On June 22, 2015, Matthew Markus and George Bonaci sat down for an Ask Me Anything thread on Reddit's r/IAmA, two months after the spring press cluster and one week after the Fast Company piece announcing the Beijing brewery partnership. The thread drew thousands of comments and is one of the few public records of the founders speaking at length in their own voice rather than through the framing of a conservation reporter.
Their opening post lays out the case in plain terms. South Africa lost 1,215 rhinos to poaching in 2014, almost four percent of the wild population, with poaching rates rising every year since 2008. Demand was concentrated in East Asia, where rhino horn served simultaneously as traditional medicine and as a status symbol. Because supply was small and demand was great, the substance was selling for tens of thousands of dollars per kilogram. The founders identified the price itself as the engine of the crisis.
Their stated solution is unornamented and economic. Fabricate horns in a lab. Sell them at one-eighth the market price. Take the incentive away from poachers and the corruption away from the officials taking bribes to look the other way.

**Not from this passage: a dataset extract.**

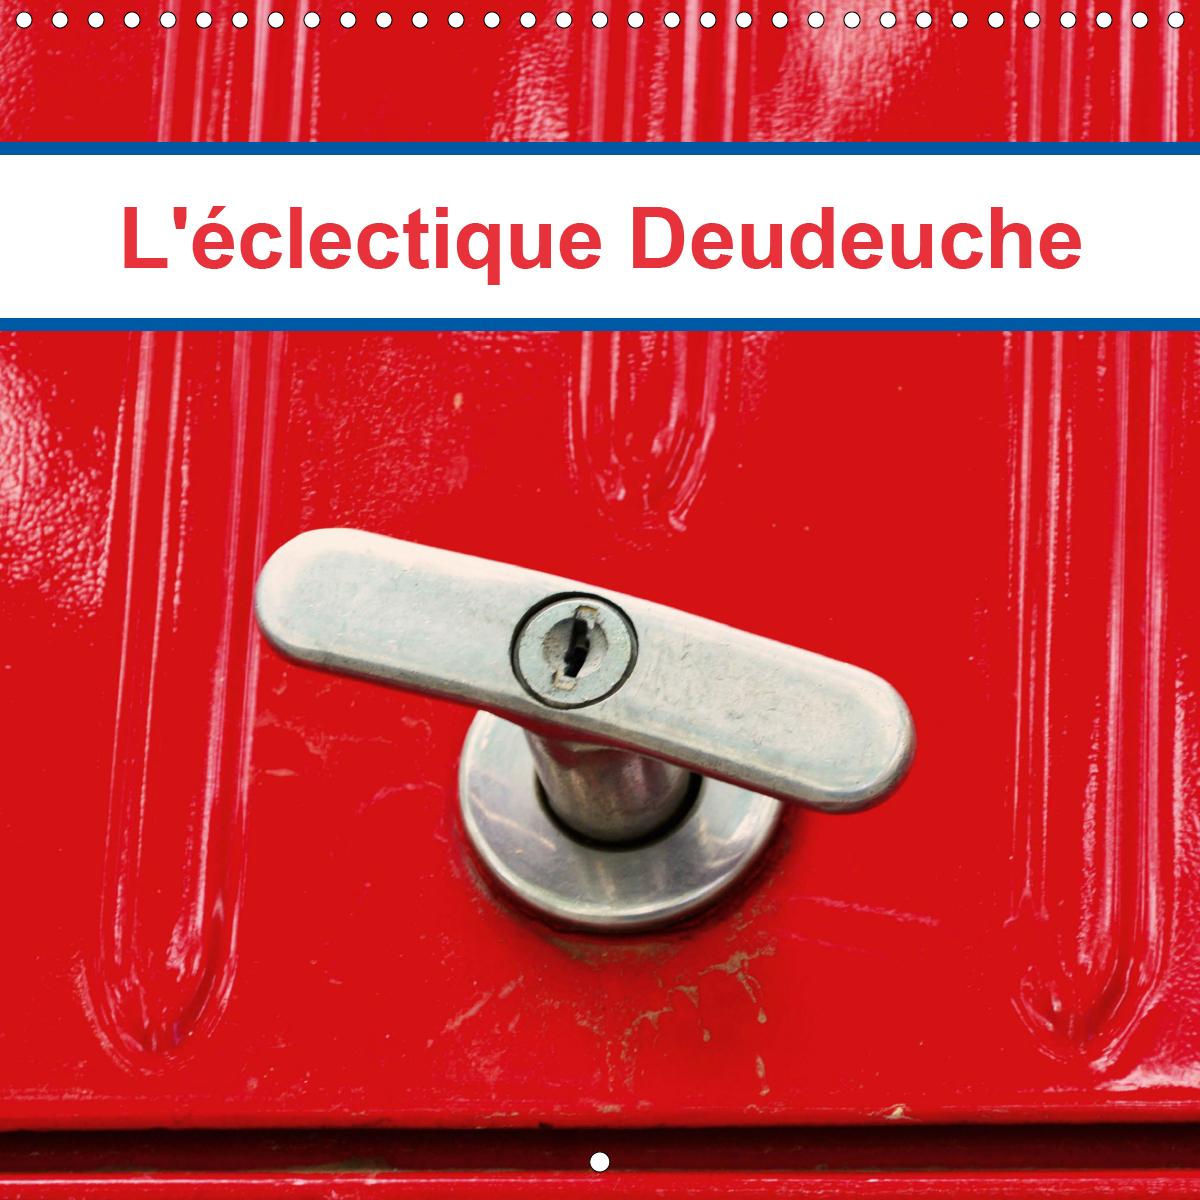 L'ECLECTIQUE DEUDEUCHE (CALENDRIER MURAL 2020 300 * 300 MM SQUARE) - QUELQUES DETAILS DE CET UNIVERS

"We believe that animals are precious and traditions are important." --Matthew Markus & George Bonaci, Reddit AMA, June 2015
The line is significant because it stakes out a position that almost no other actor in the rhino horn debate would take publicly. The conservation NGOs were committed to the position that the demand itself was the problem, that the medicinal beliefs underlying it were illegitimate, and that the strategy was to extinguish them. Pembient took the opposite view. The thread is the clearest single source on this difference.